(TASK INSTRUCTIONS)
Repeat the data verbatim, images excluded.

(COLLECTED DATA)

================================

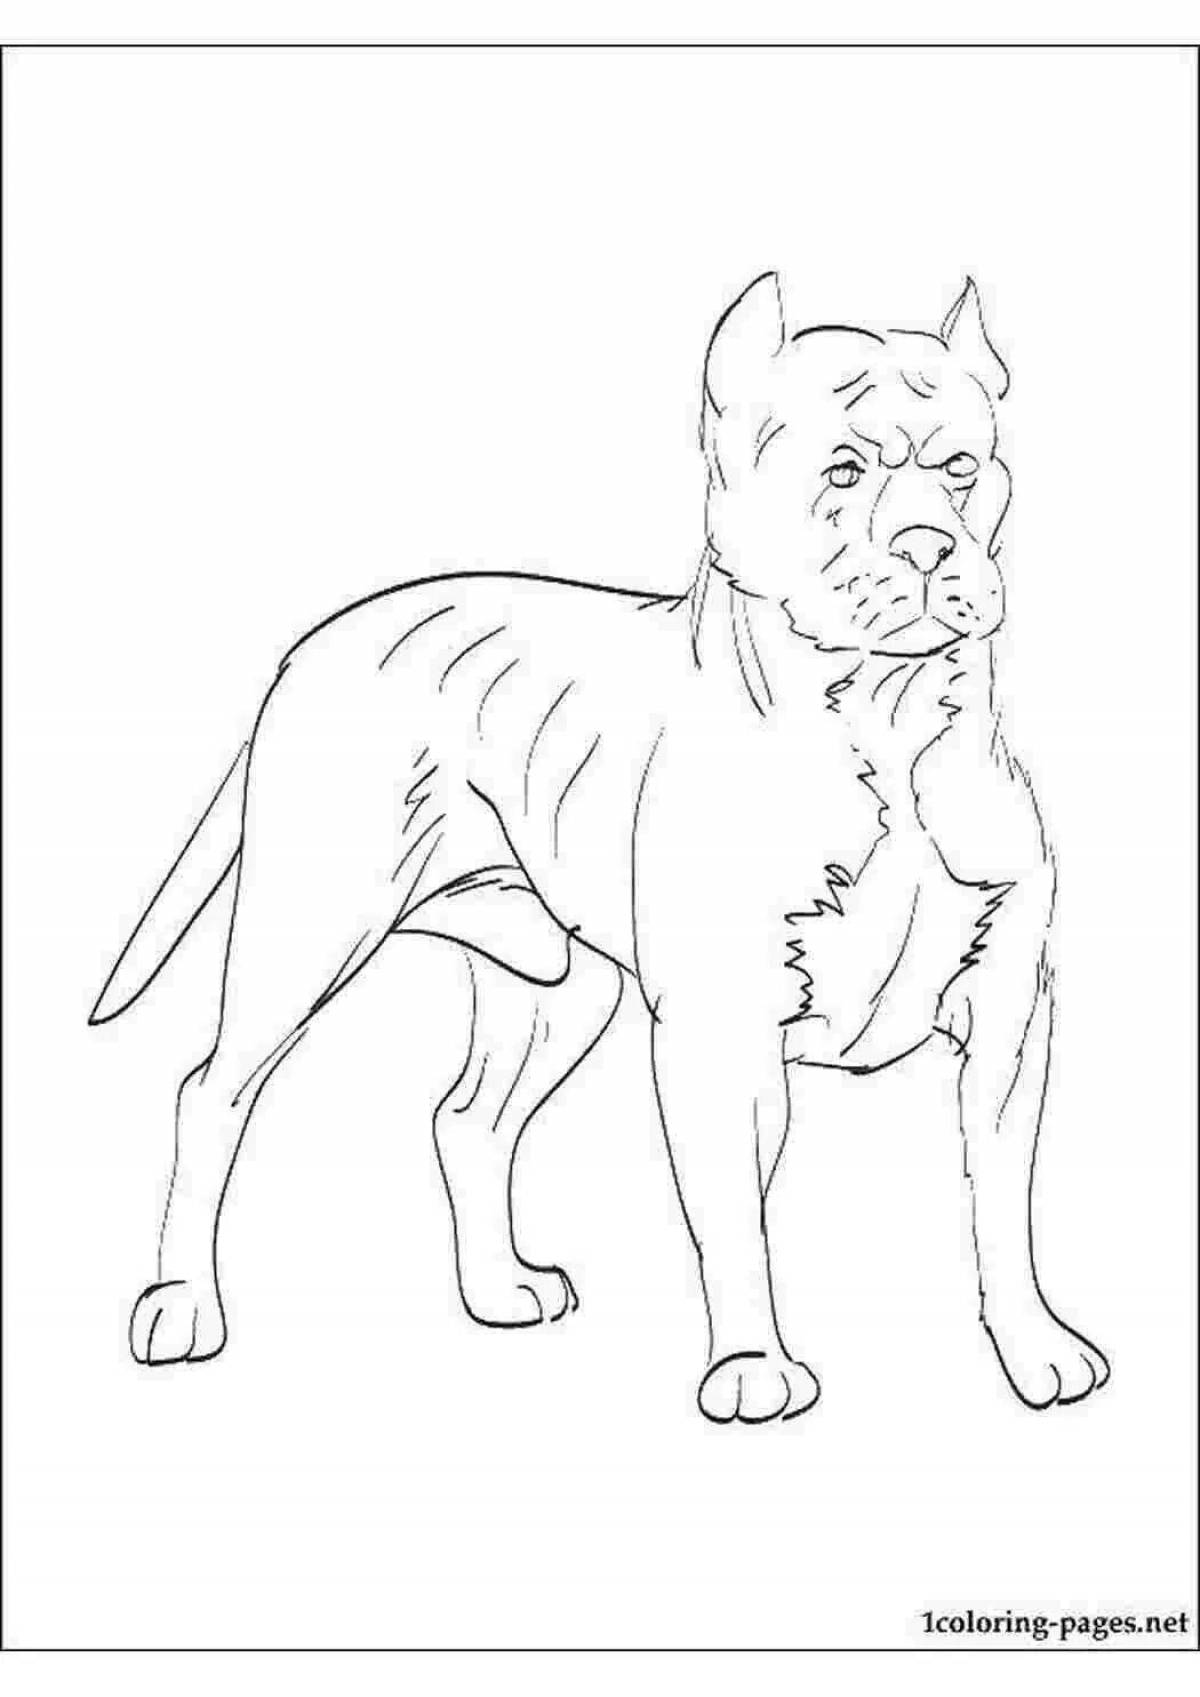 Fancy stafford coloring book
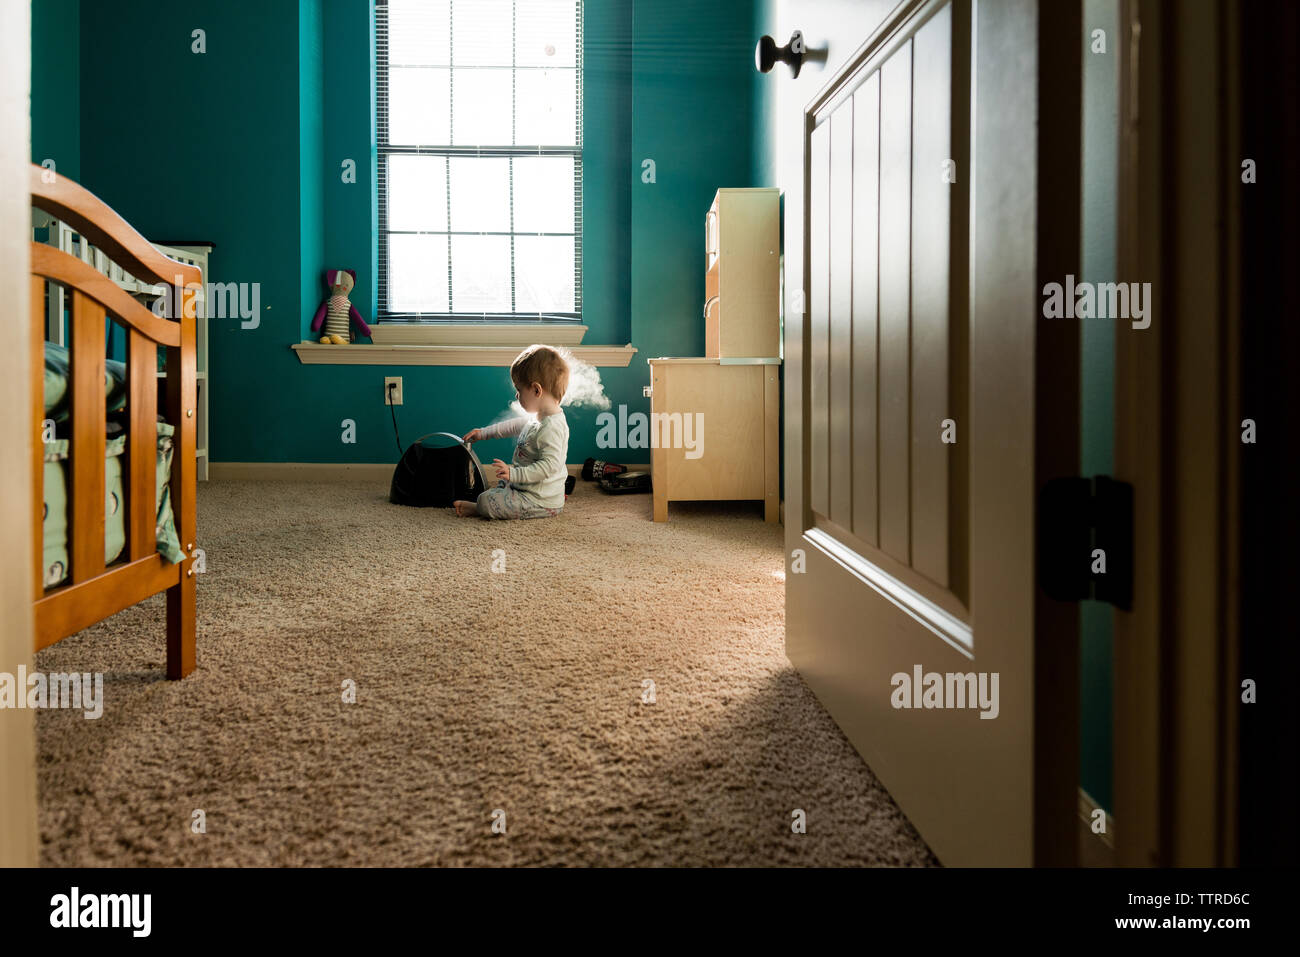 Boy playing with steam machine while sitting on rug at home seen through doorway Stock Photo
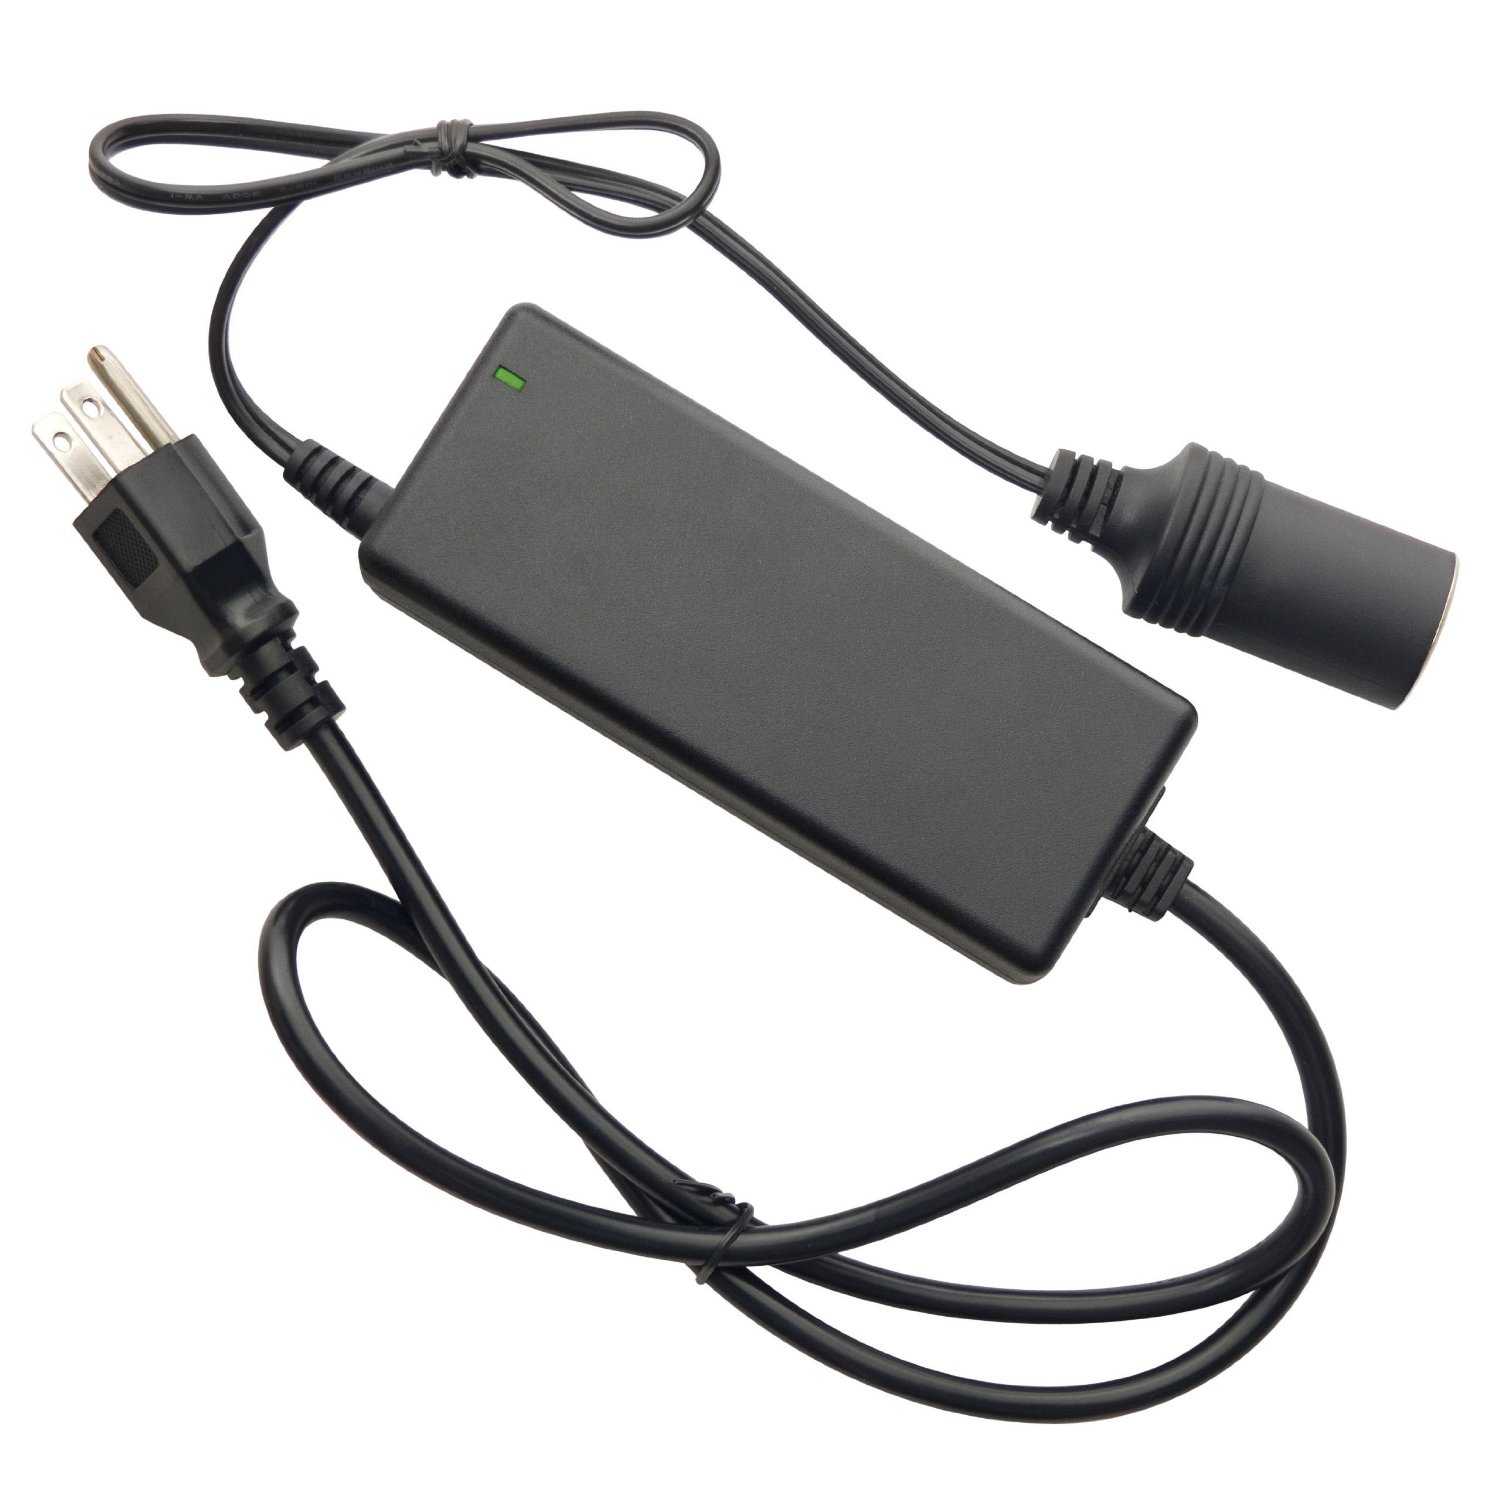 AC to 12V DC Power Adapter

================================

(EXPECTED ANSWER)
 Fancy stafford coloring book
 Boy playing with steam machine while sitting on rug at home seen through doorway Stock Photo
 AC to 12V DC Power Adapter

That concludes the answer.